Supplied information:
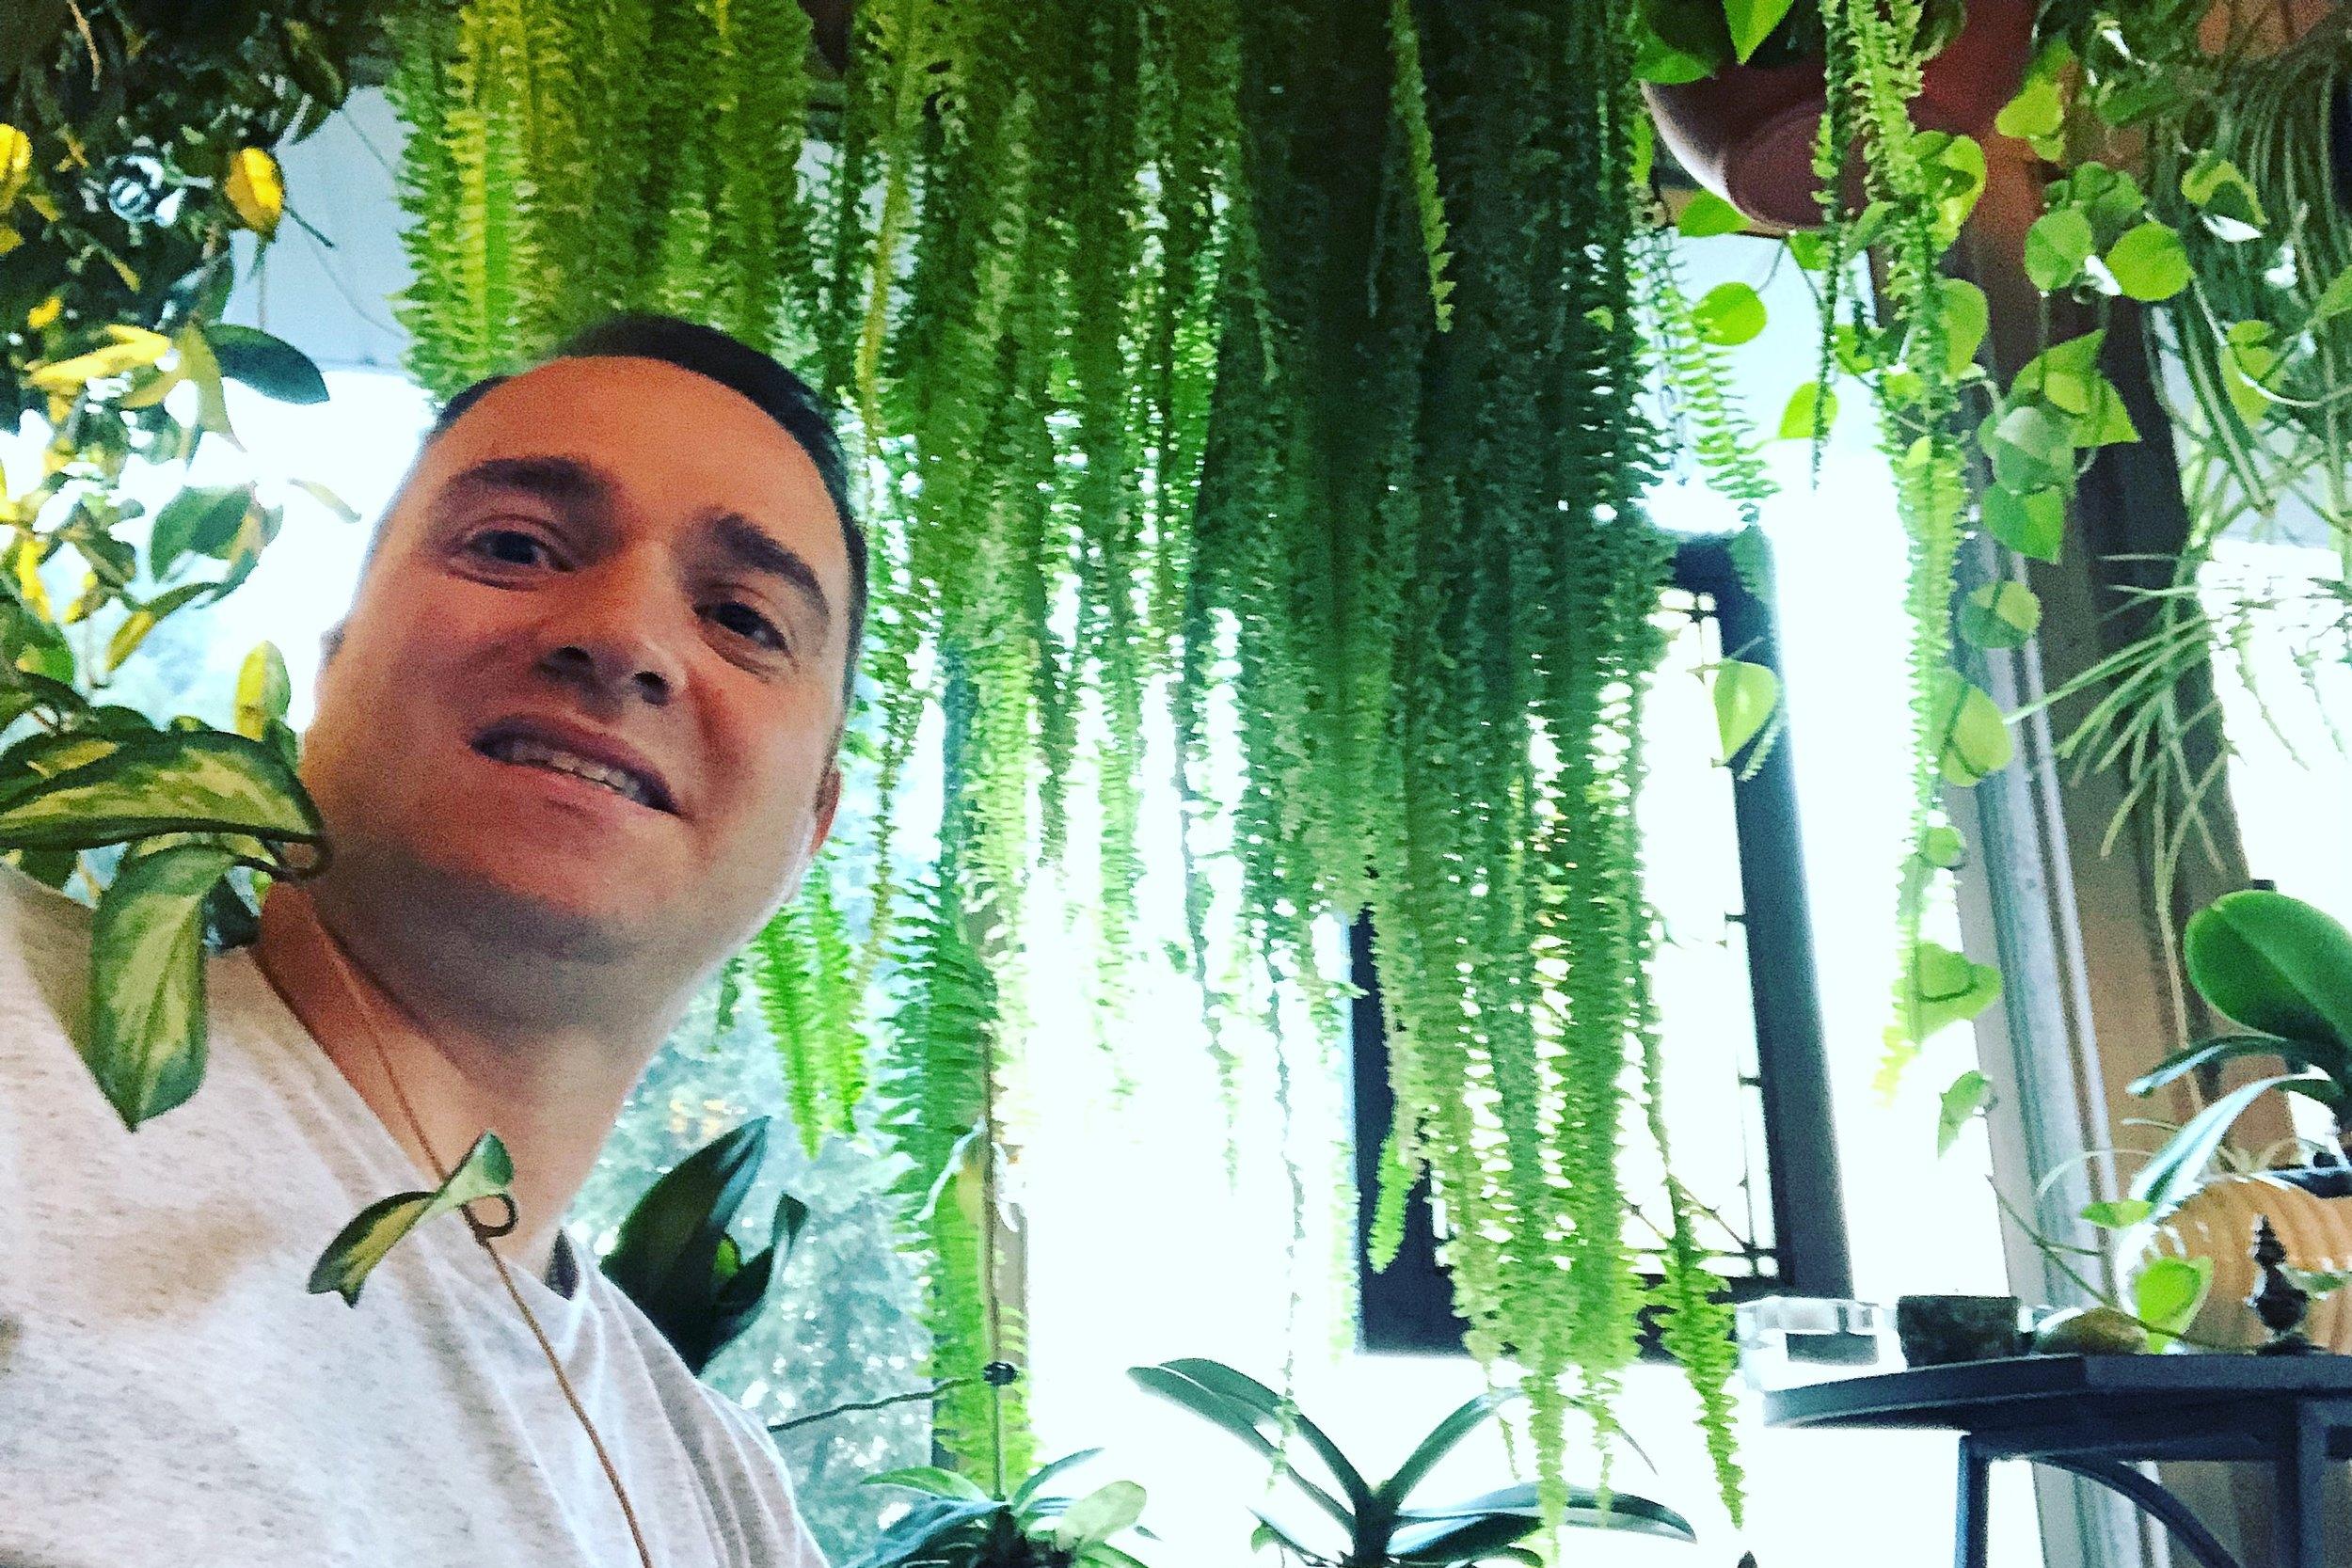 'Hello, my name is fern!' Raffaelle with his massive fern. Photograph: Rafaelle di Lallo.
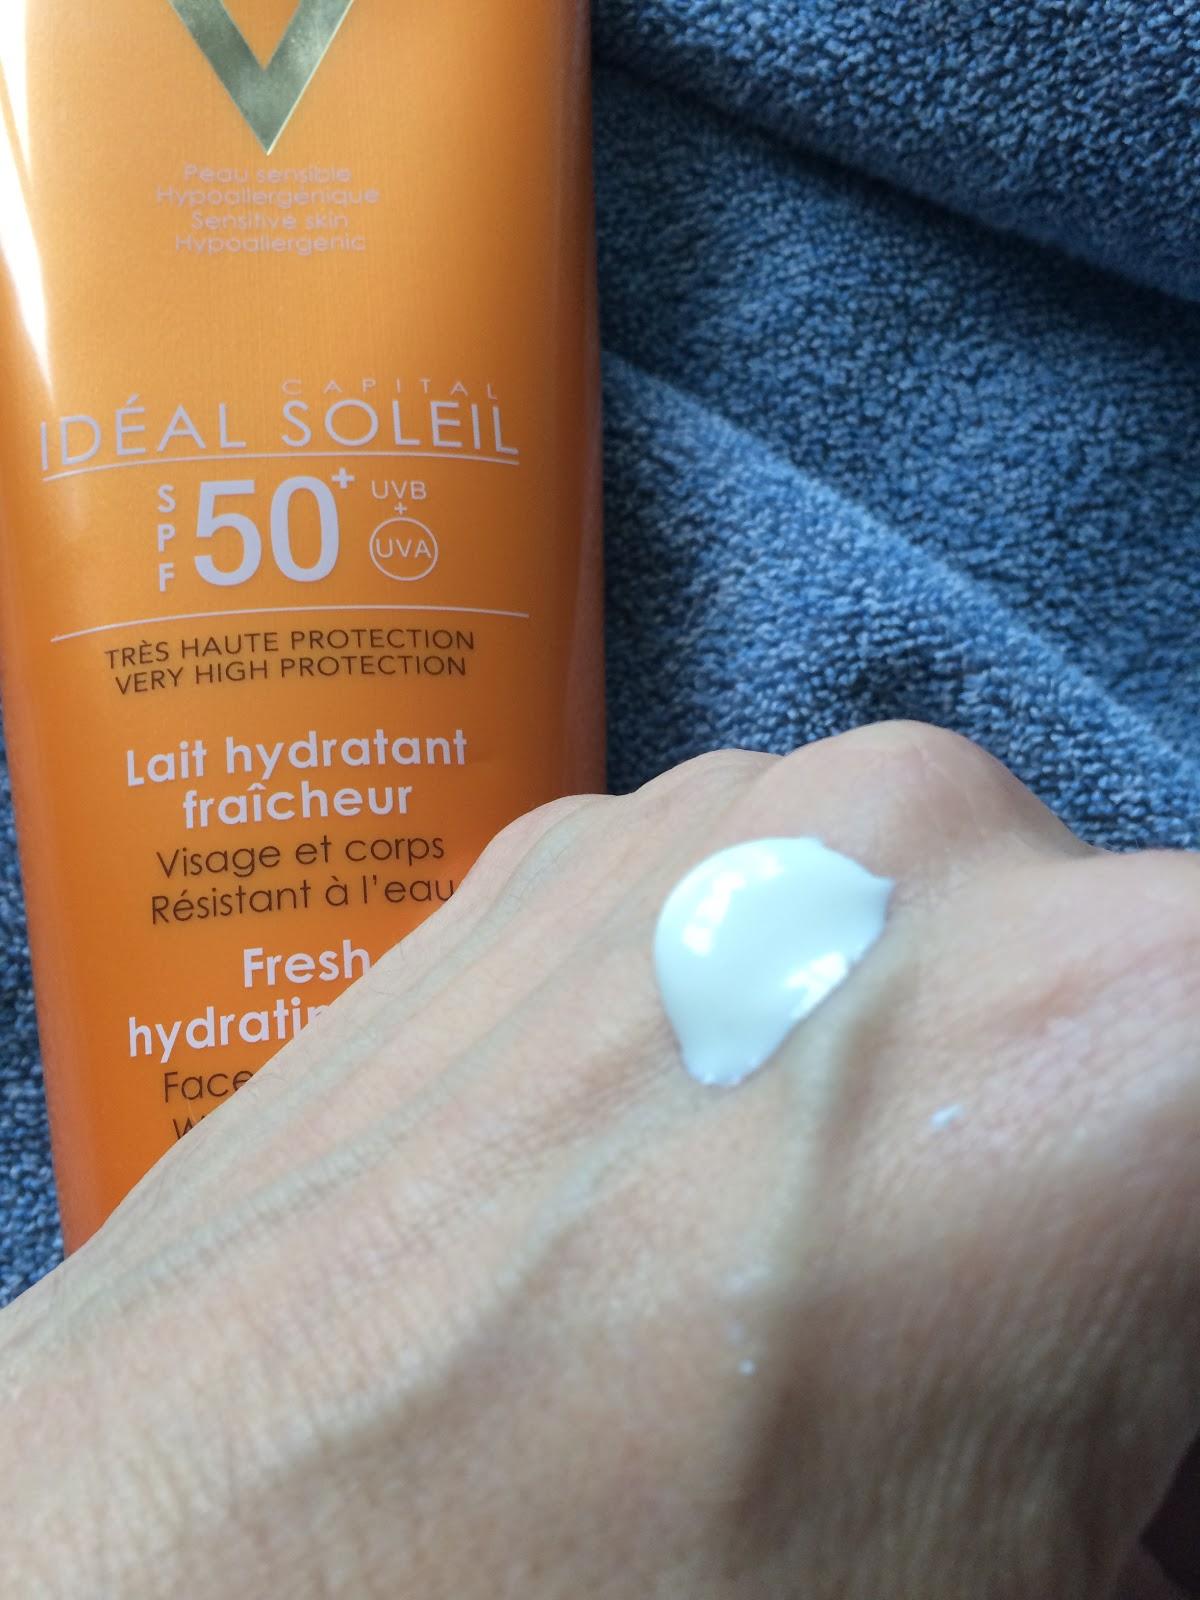 Vichy Ideal Soleil SPF 50
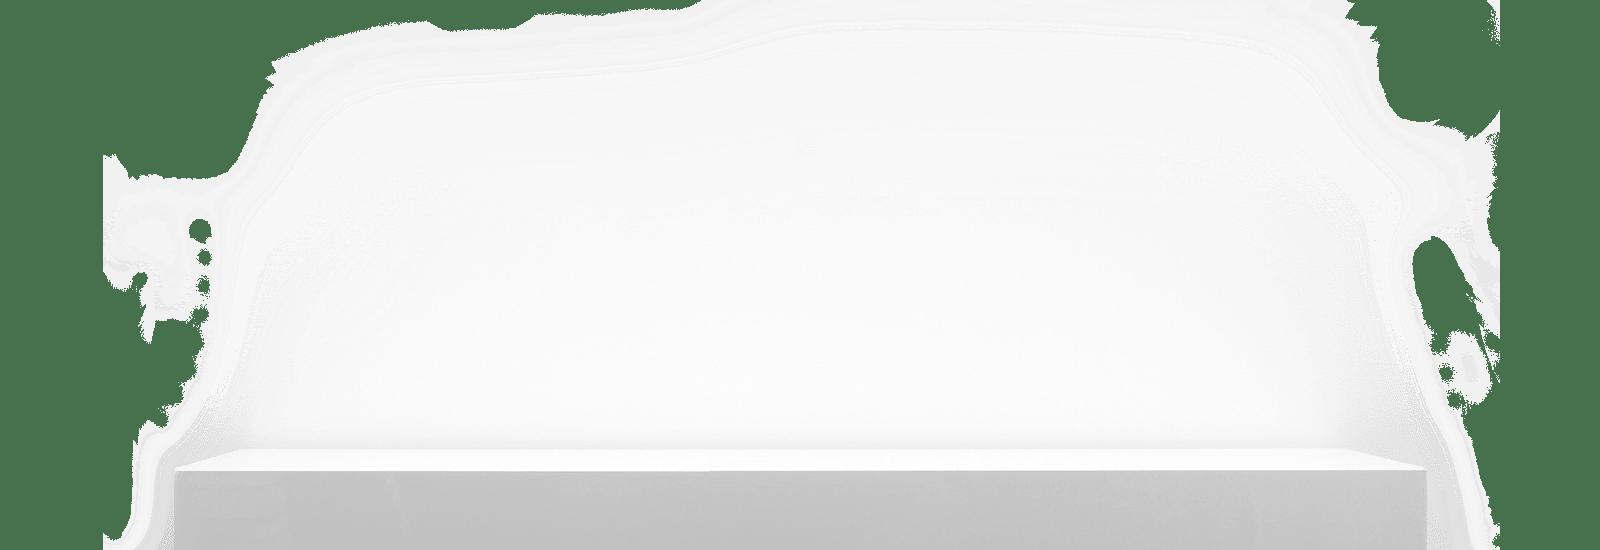 فیلترکالا | ورودی ساختمان

What you will do: When you reach an image, pass over it, and retype all other material exactly.

Exercise output:
 'Hello, my name is fern!' Raffaelle with his massive fern. Photograph: Rafaelle di Lallo.
 Vichy Ideal Soleil SPF 50
 فیلترکالا | ورودی ساختمان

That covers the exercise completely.